── Provided material

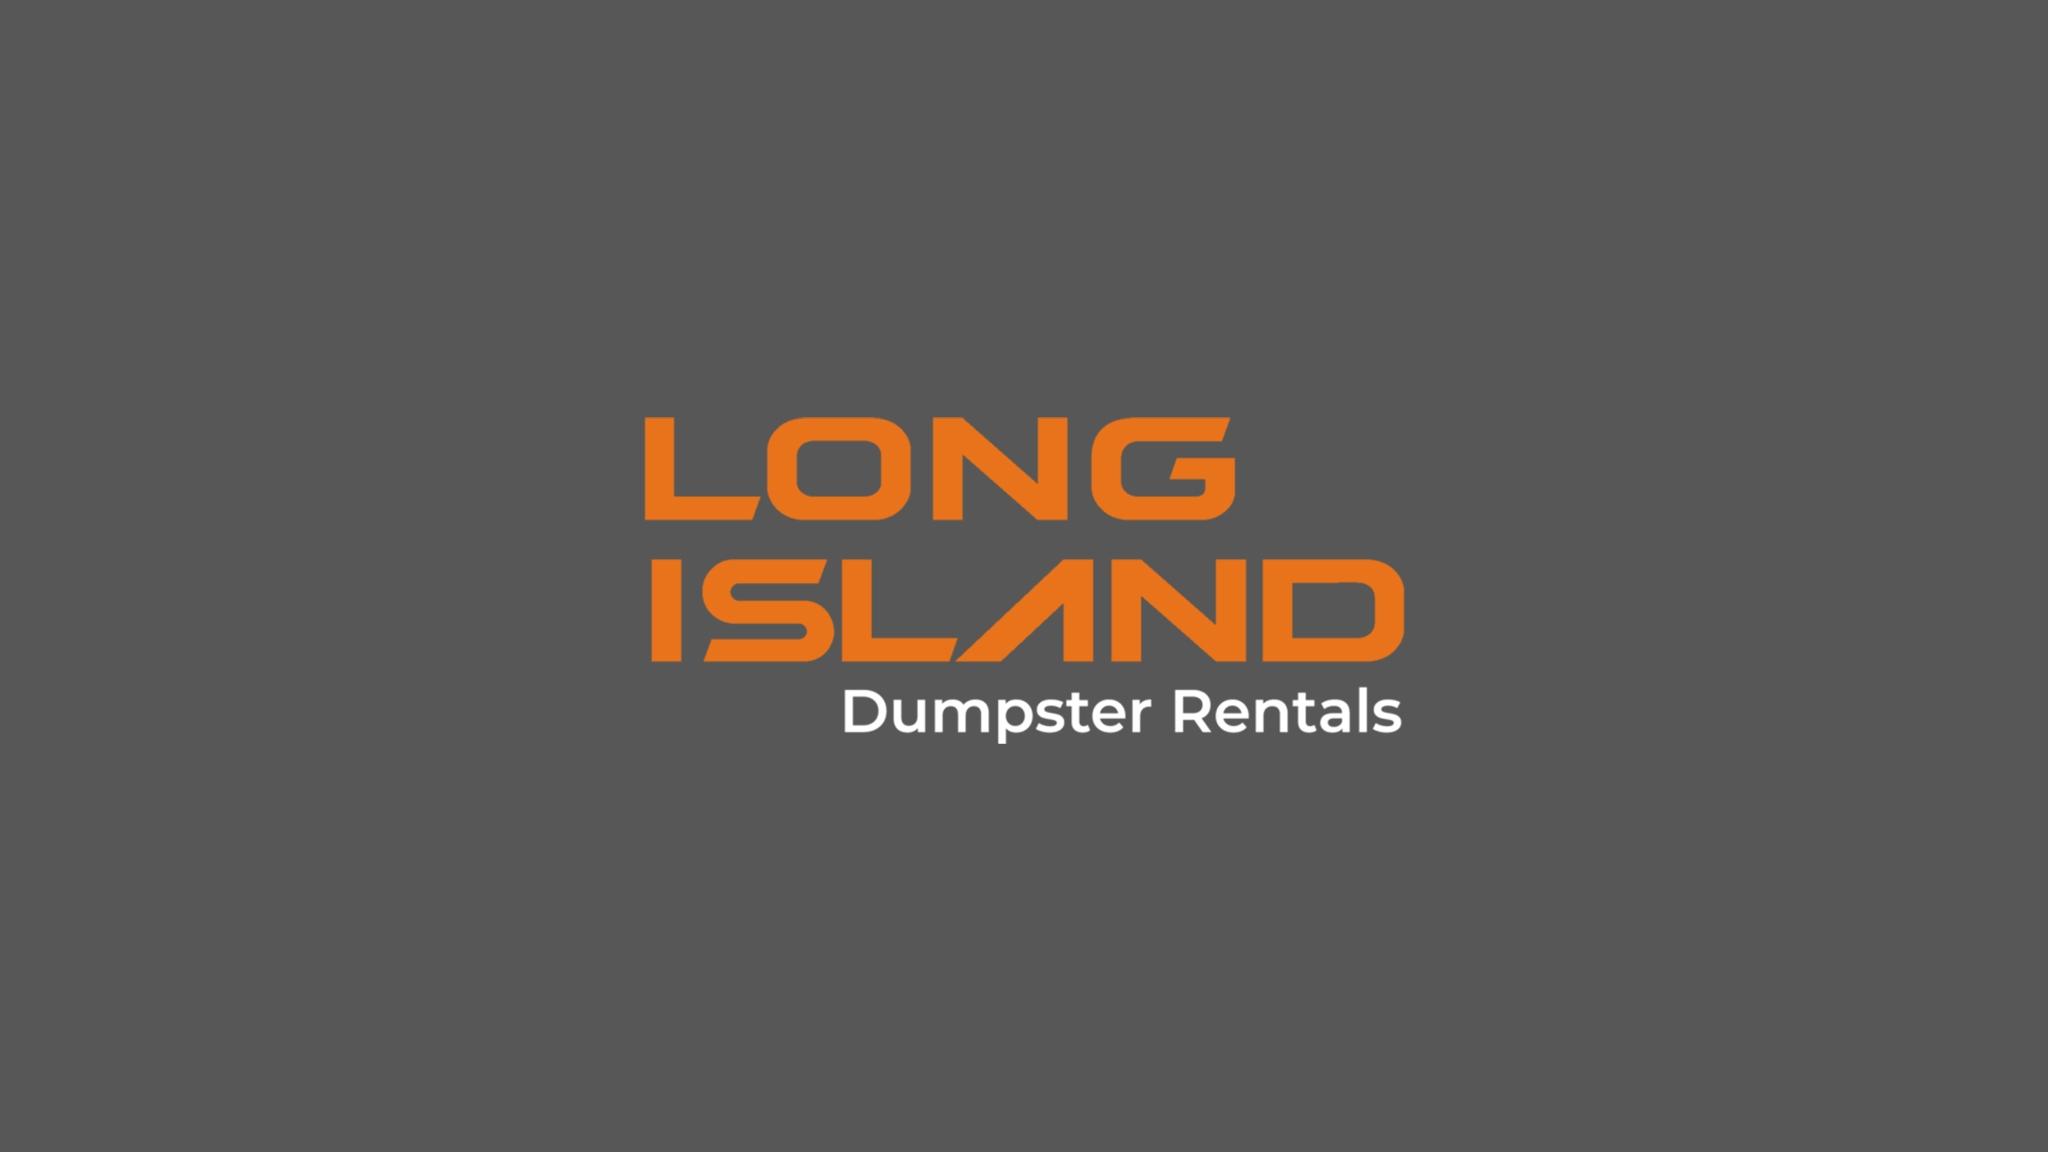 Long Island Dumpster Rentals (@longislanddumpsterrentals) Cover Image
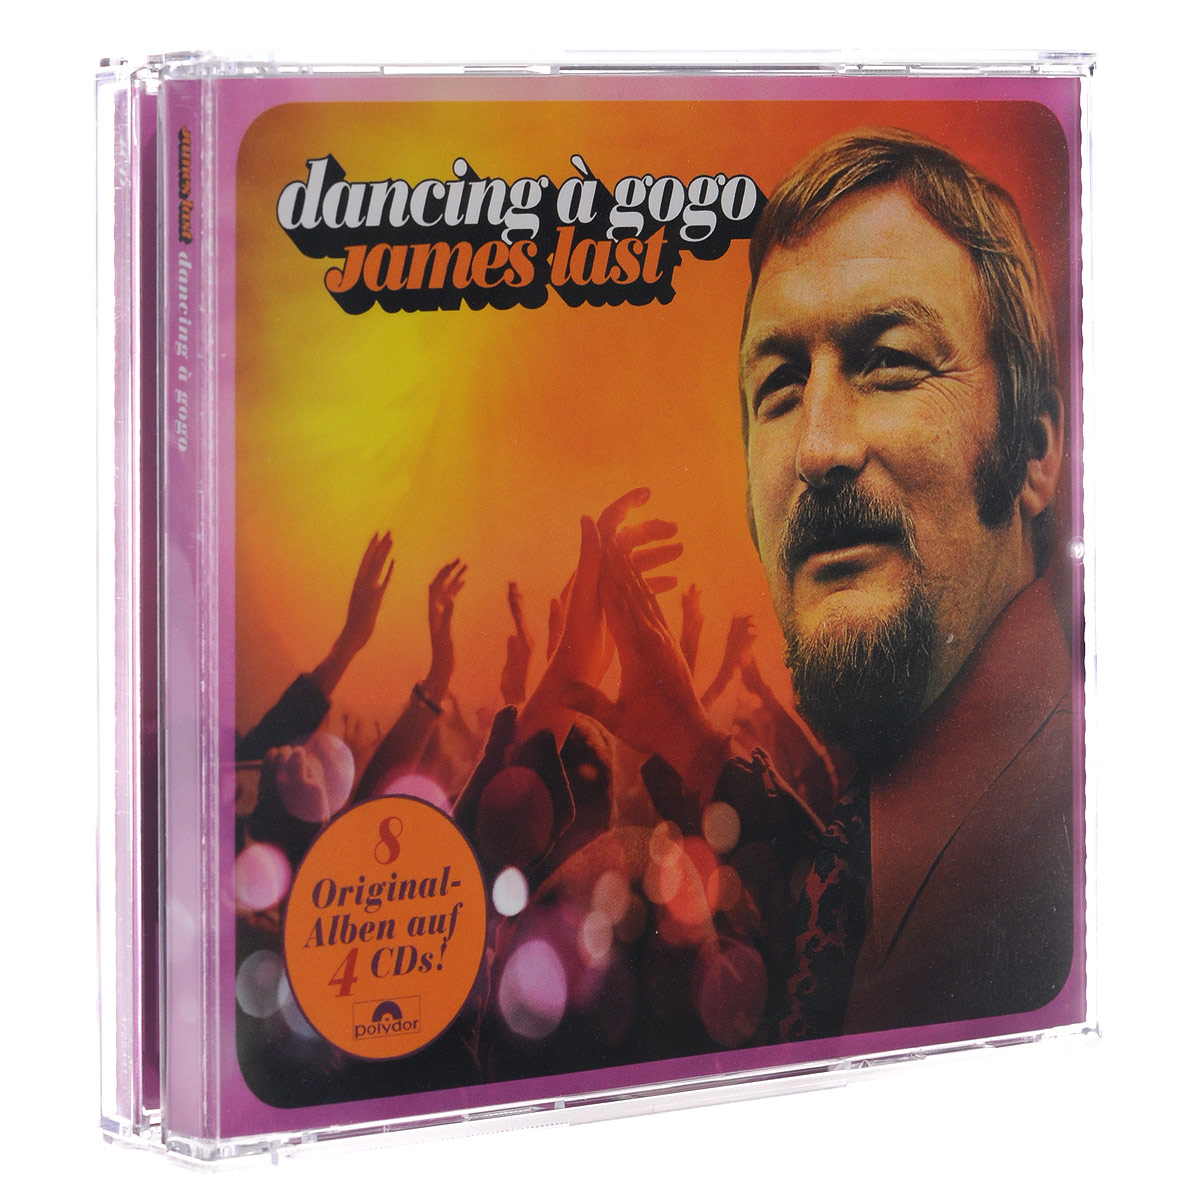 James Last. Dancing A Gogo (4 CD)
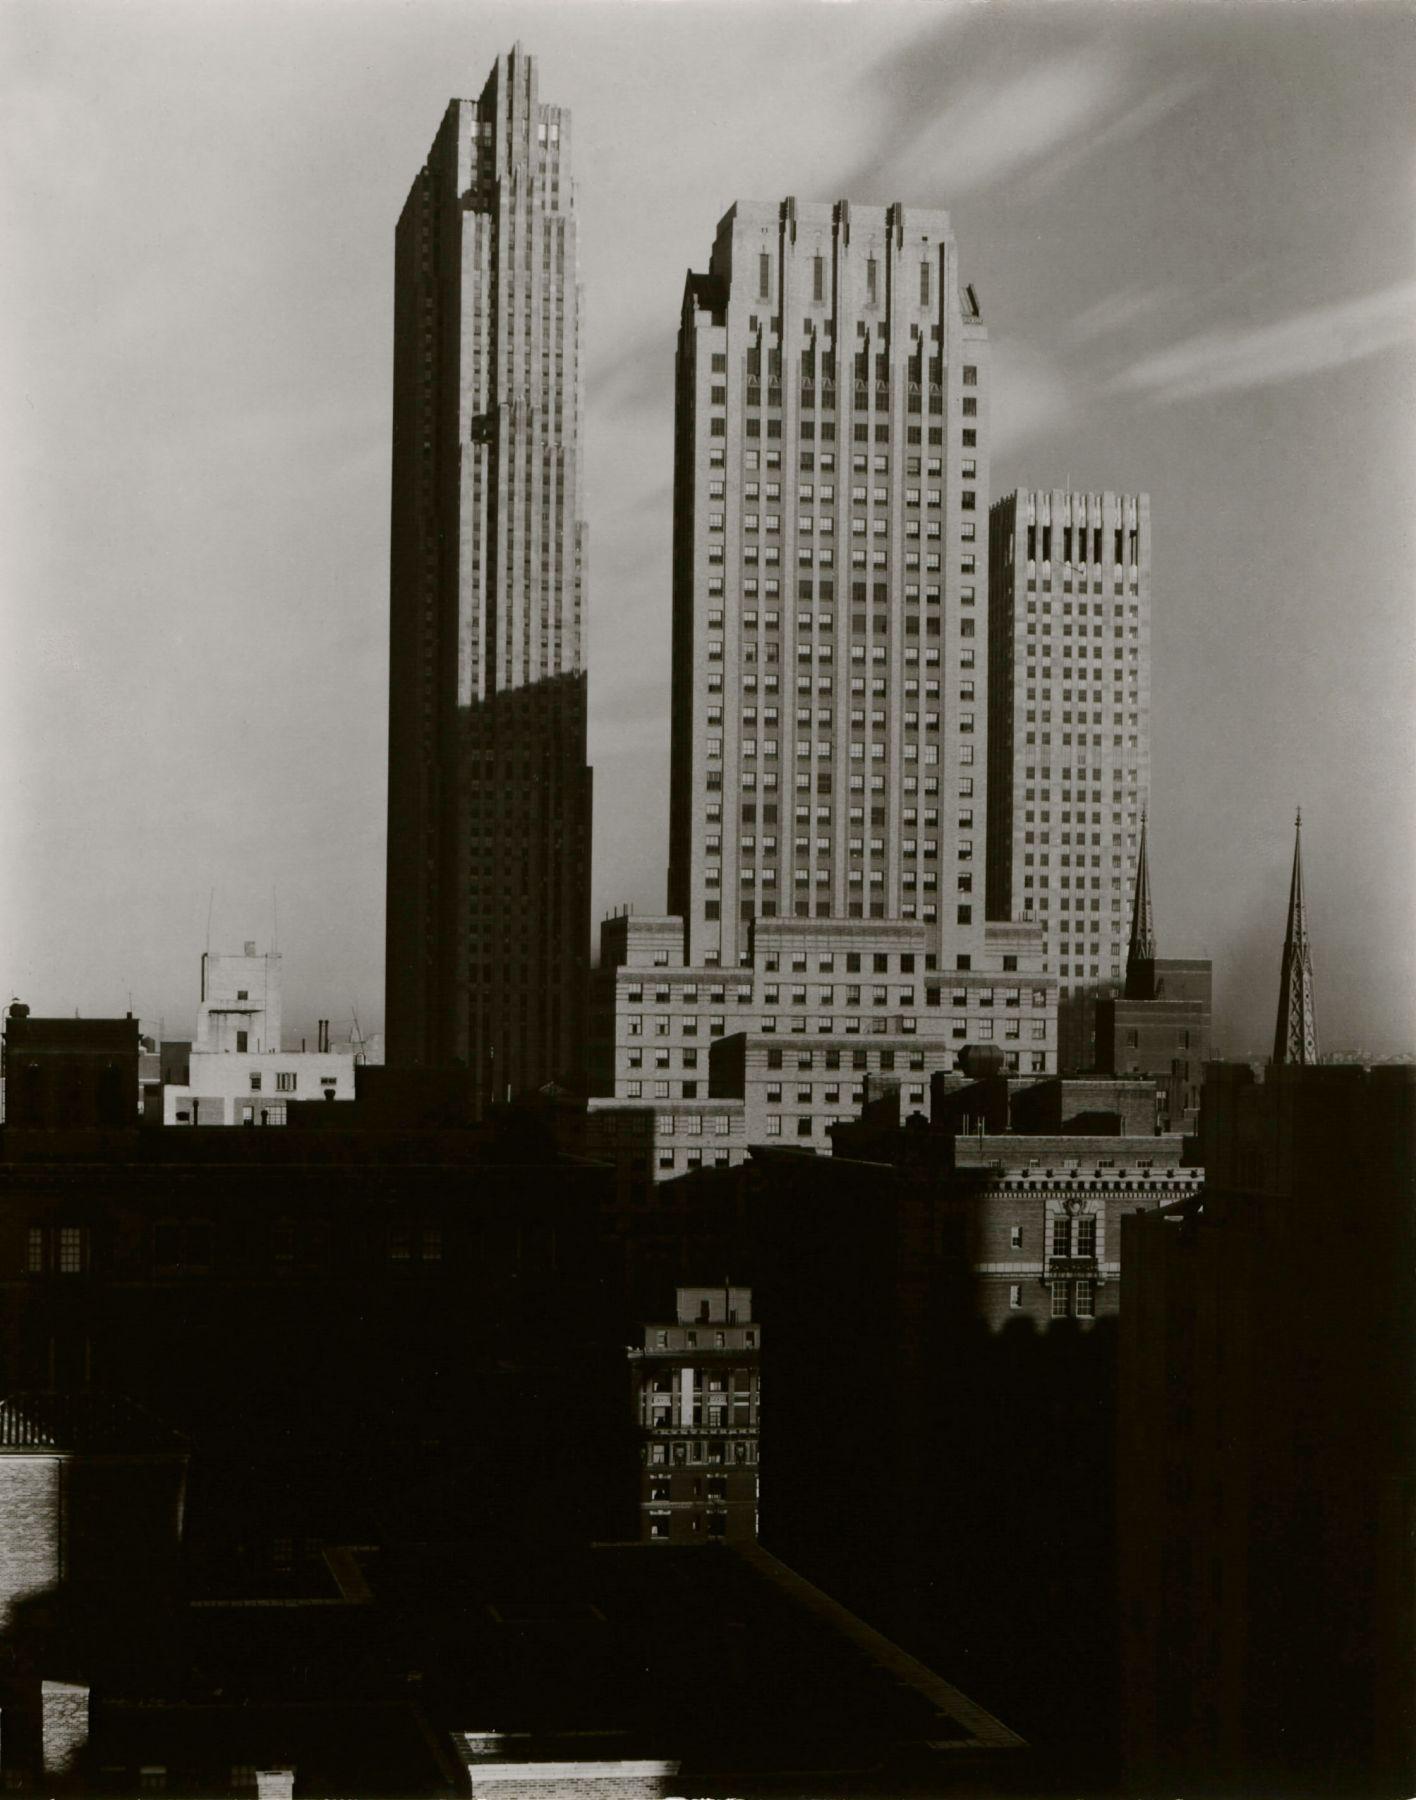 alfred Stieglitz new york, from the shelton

────

(Required action): This exercise calls for the complete listing, returned exactly and without images.

(Answer space):
 Long Island Dumpster Rentals (@longislanddumpsterrentals) Cover Image
 James Last. Dancing A Gogo (4 CD)
 alfred Stieglitz new york, from the shelton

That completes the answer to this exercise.